The output of the convolutional layer or pooling layer (whichever is last), may be fed into a first fully connected layer in the fully connected layers. There may be multiple fully connected layers in the CNN. Each neuron in the first fully connected layer receives the output of the convolutional layer or pooling layer as input and processes the input via weights and an activation function as discussed above. The output of the first fully connected layer may be passed to the next fully connected layer, and so on until an output layer is reached. There may be fewer number of neurons in each subsequent fully connected layer than in the preceding layers. Further, each fully connected layer may have the same or different activation function.

The output layer, which may be a classification layer or a softmax layer may receive the output of the last fully connected layer and generate prediction 408, as discussed above.

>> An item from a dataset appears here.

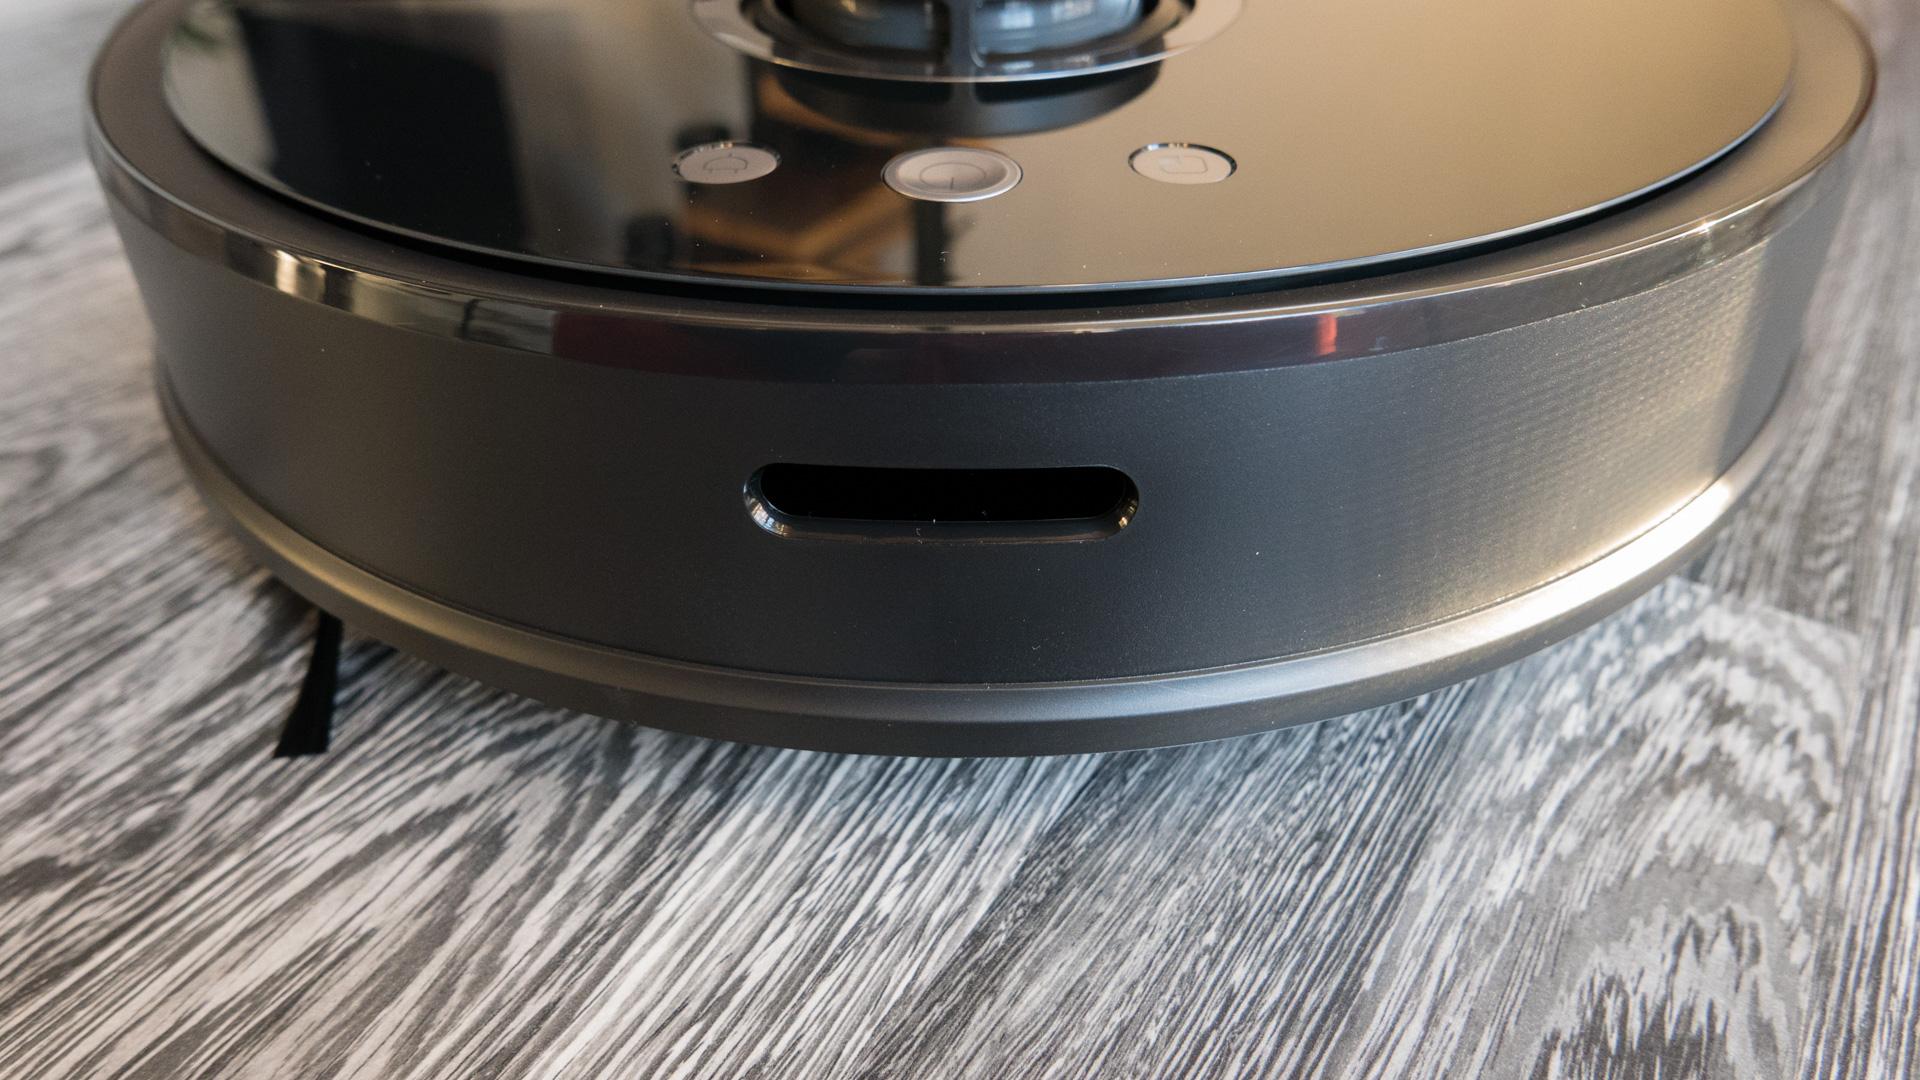 Xiaomi-roborock-S55-Details-9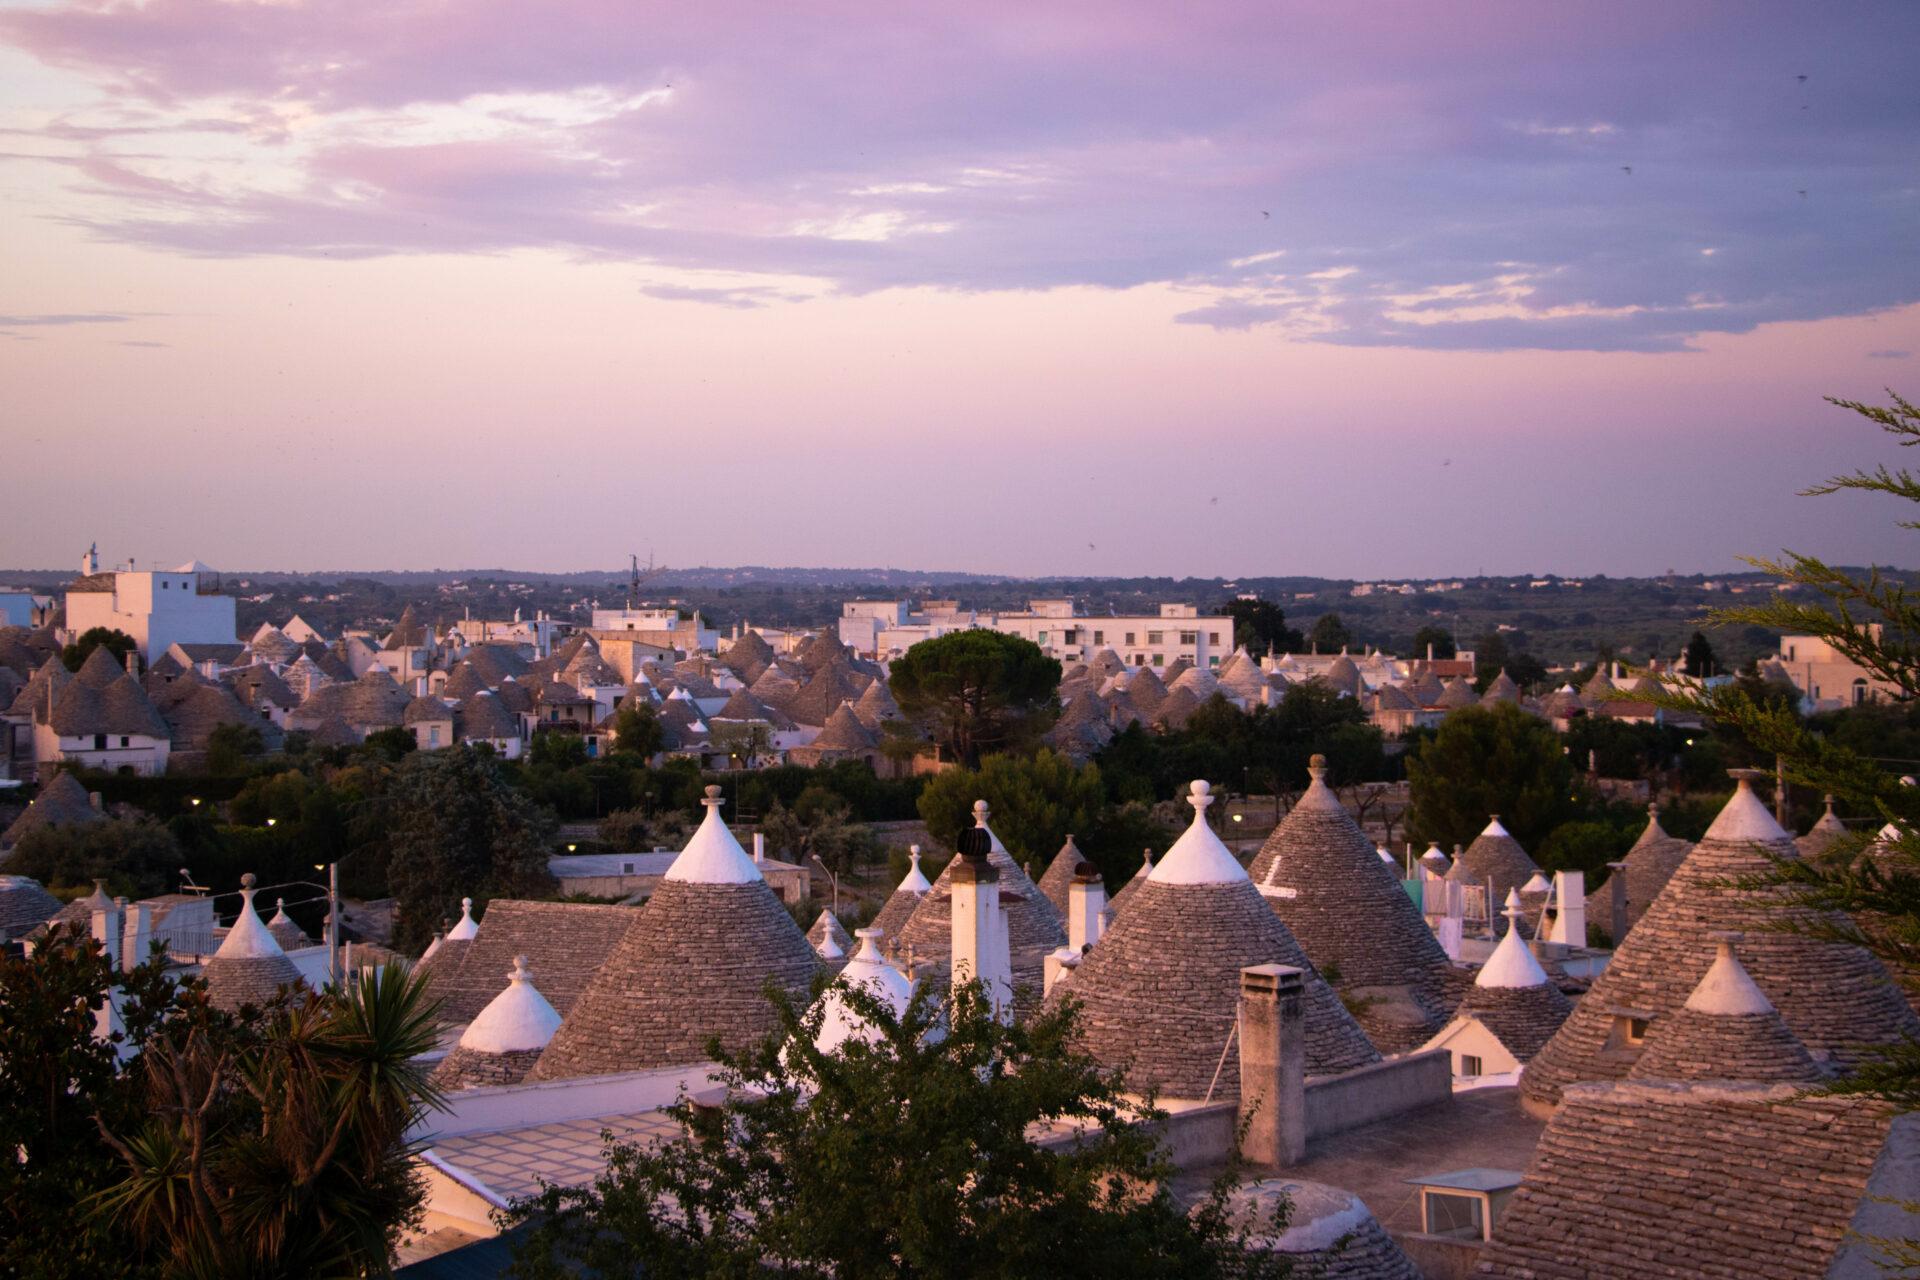 Alberobello Puglia Italy - Travel outside peak season

Loss prediction module 404 may receive prediction 408 and determine whether prediction 408 is correct with respect to images 406I or ground truth image 406G. In particular, images 406I or ground truth image 406G may include labels that identify images 406I, 406G that include and do not include die mispicks. Loss prediction module 404 may compare prediction 408 to the labels of images 406I or ground truth images 406G and identify whether prediction 408 correctly classified images 406I or ground truth image 406G, as well as the cost of error. To determine the cost of error, loss prediction module 404 may use a cost or loss function (e.g., a binary, a categorical, such as ReLU cost function, etc.) associated with a type of classification. As the AI model 402 is trained over multiple iterations of input images 406I and ground truth image 406G, loss prediction module 404 attempts to minimize the cost of error using a back propagation algorithm.

The back propagation algorithm may be a gradient descent algorithm, including a stochastic gradient descent, gradient descent with Adam, gradient descent with momentum, or the like. The back propagation algorithm may receive the cost of error and may determine a change in value that may be applied to the weights of the neurons in the convolutional layers, pooling layers, and fully connected layers, such that the cost of error across training dataset 123 is minimized. The loss prediction module 404 propagates the change in value of the weights in the neurons back into AI model 402.

In some embodiments, machine learning system 124 may receive input images 406I and ground truth images 406G in training dataset 123 over thousands or millions iterations. The training may continue until AI model 402 generates predictions 408 with a cost of error below a cost of error threshold. Once trained, machine learning system 124T may be validated using a validation dataset. The validation dataset may be a portion of training dataset 123, e.g., twenty percent of the training dataset 123 that includes images 406I, 406G that were not included in training machine learning system 124T. Machine learning system 124T may receive the validation dataset and generate predictions 408 for the input images 406I in the validation dataset. The predictions 408 for input images 406I may then be compared against labels of images 406I using loss prediction module 404. Alternatively, predictions 408 may be transmitted for display to API 136 of FIG. 1 (not shown), and validated using API 136. Notably, during the validation stage, the loss prediction module 404 may not propagate changes to the weights to the neurons of AI model 402.

Once machine learning system 124T is trained to determine die mispicks, machine learning system 124 may be included in error detection system 128 of FIG. 1 as machine learning system 124I.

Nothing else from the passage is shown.